Compression and decompression are performed by the functions page_zip_compress and page_zip_decompress .
System Data Pages
All non‑independent pages stored in ibdata are called system data pages. Important system pages include:
FSP_IBUF_HEADER_PAGE_NO : header page for the change buffer (type FIL_PAGE_TYPE_SYS ).
FSP_IBUF_TREE_ROOT_PAGE_NO : root page of the change‑buffer B‑tree.
FSP_TRX_SYS_PAGE_NO / FSP_FIRST_RSEG_PAGE_NO : transaction system page storing transaction IDs, segment headers, rollback‑segment locations, double‑write buffer info, etc.

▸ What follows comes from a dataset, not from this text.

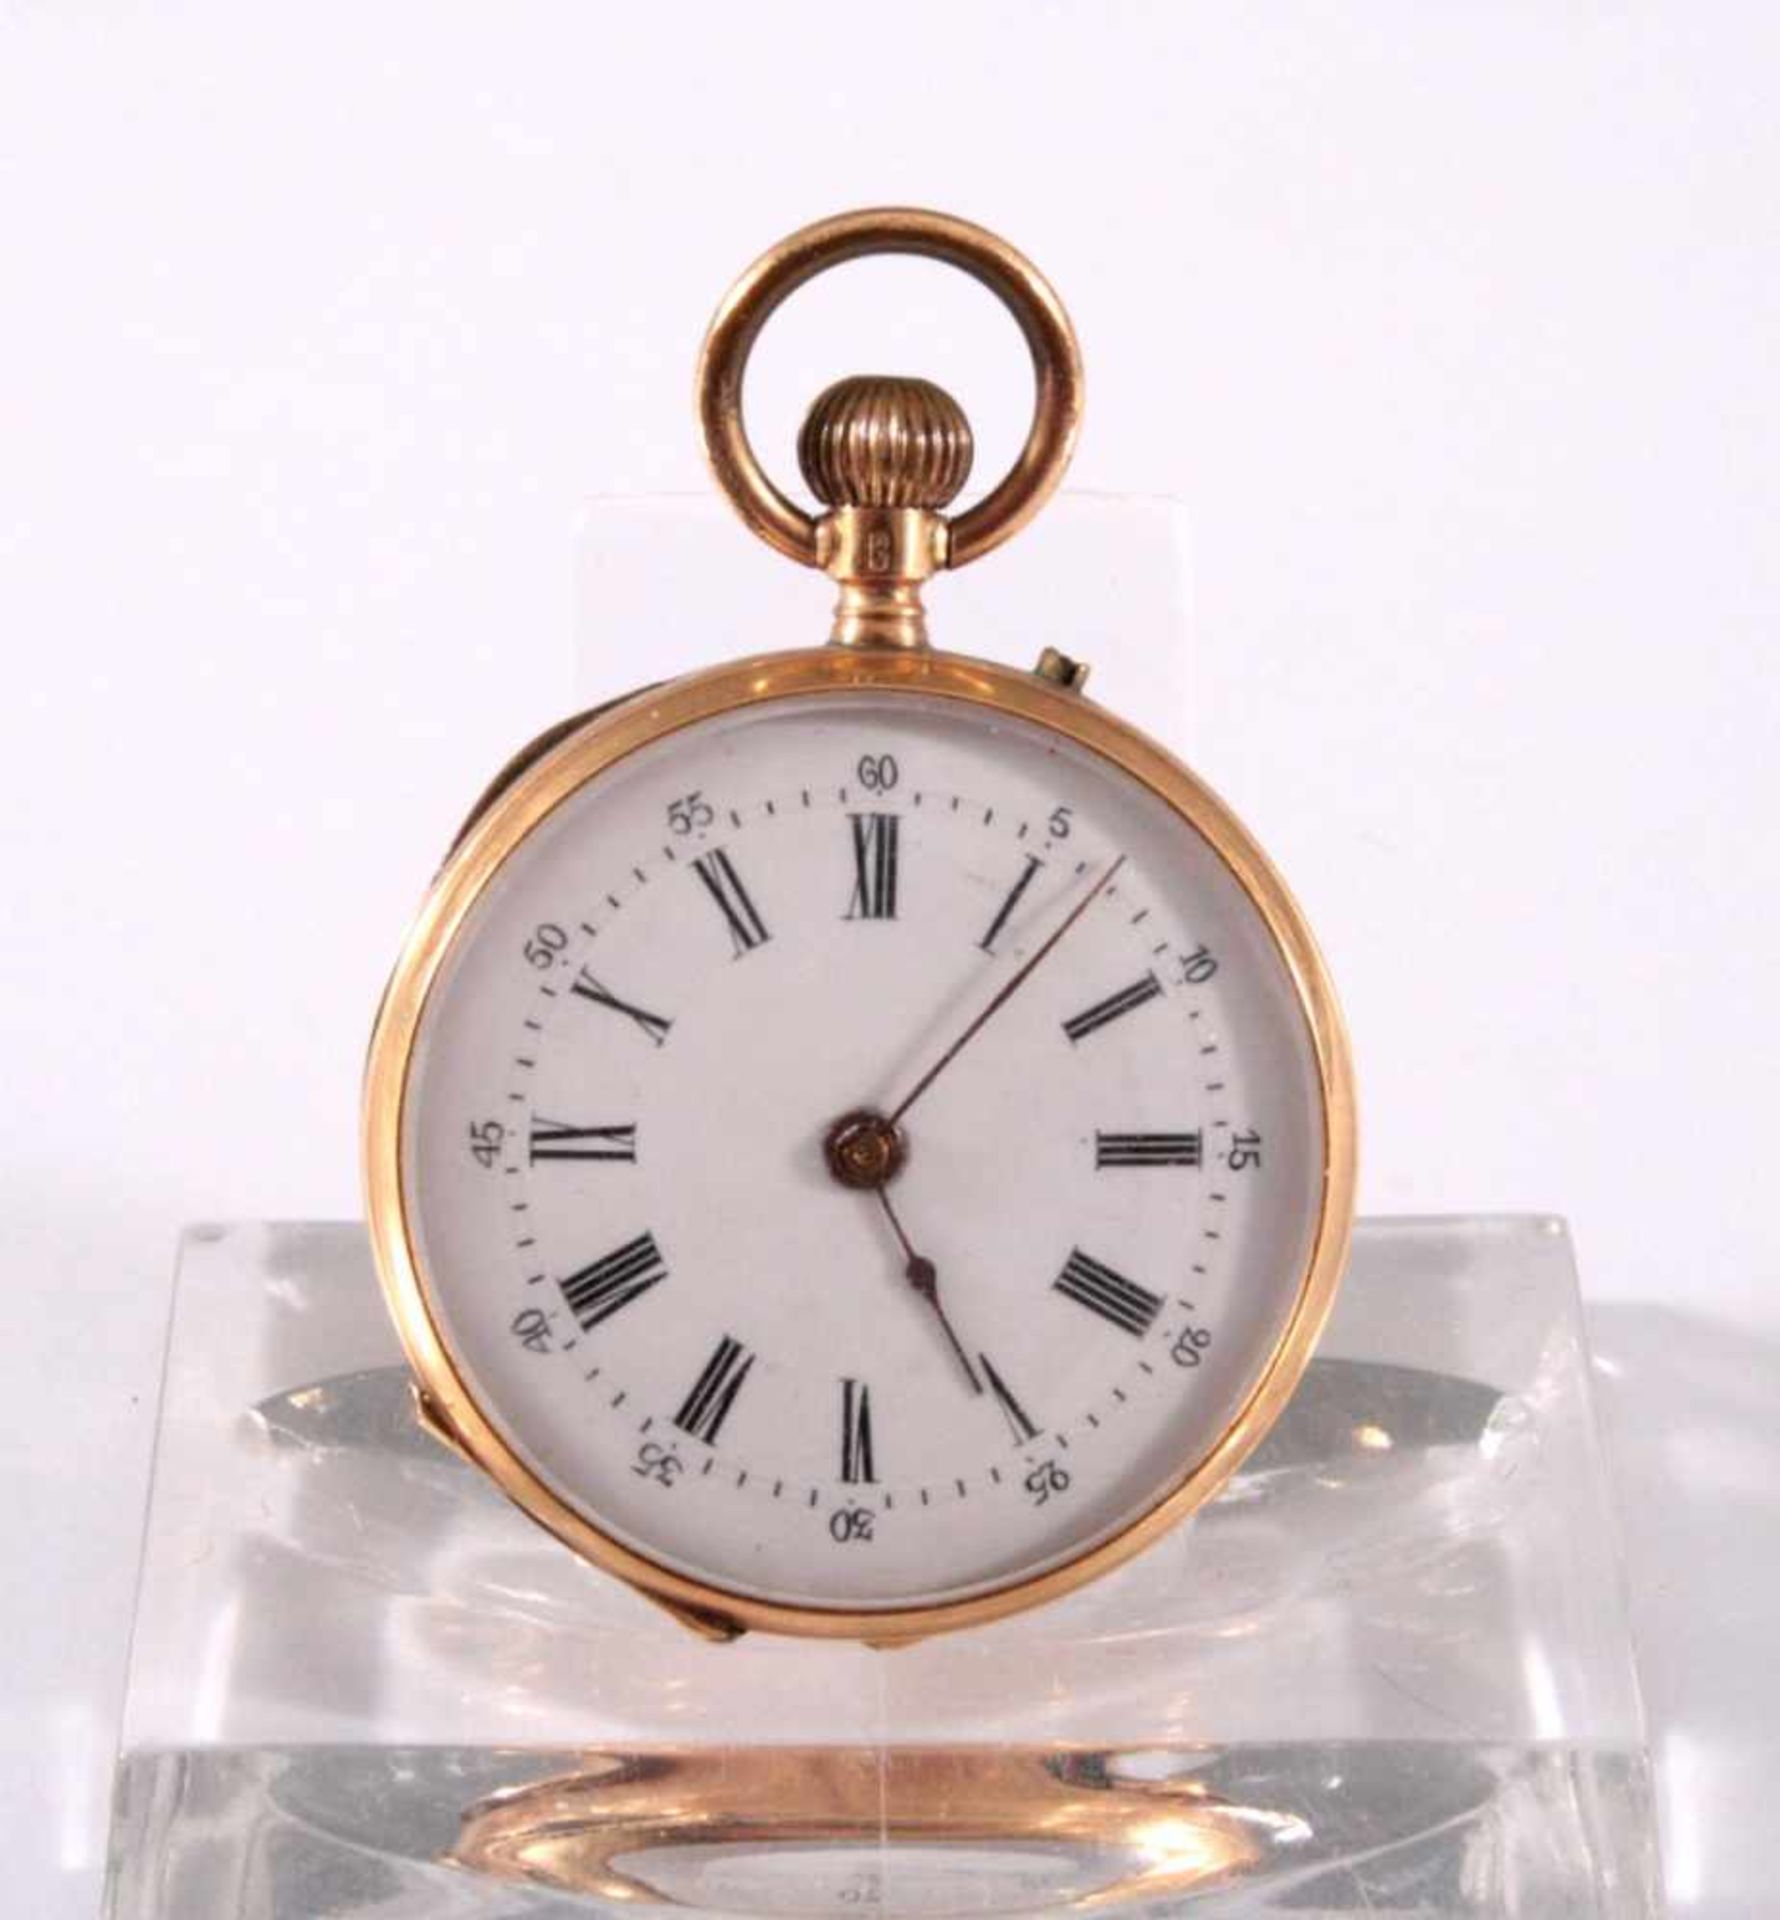 Offene Damentaschenuhr um 1900, 585/00 GGReich gravierter Uhrendeckel, innen nummeriert 30400/4,

FSP_DICT_HDR_PAGE_NO : dictionary header page that holds metadata for system tables (e.g., SYS_TABLES , SYS_COLUMNS ).
Relevant creation functions are btr_create , trx_sysf_create , and dict_hdr_create .
External Storage Pages
Large column values may be stored in external pages. Three types exist:
FIL_PAGE_TYPE_BLOB : uncompressed external page.
FIL_PAGE_TYPE_ZBLOB : first page of a compressed blob chain.
FIL_PAGE_TYPE_ZBLOB2 : subsequent pages of a compressed blob chain.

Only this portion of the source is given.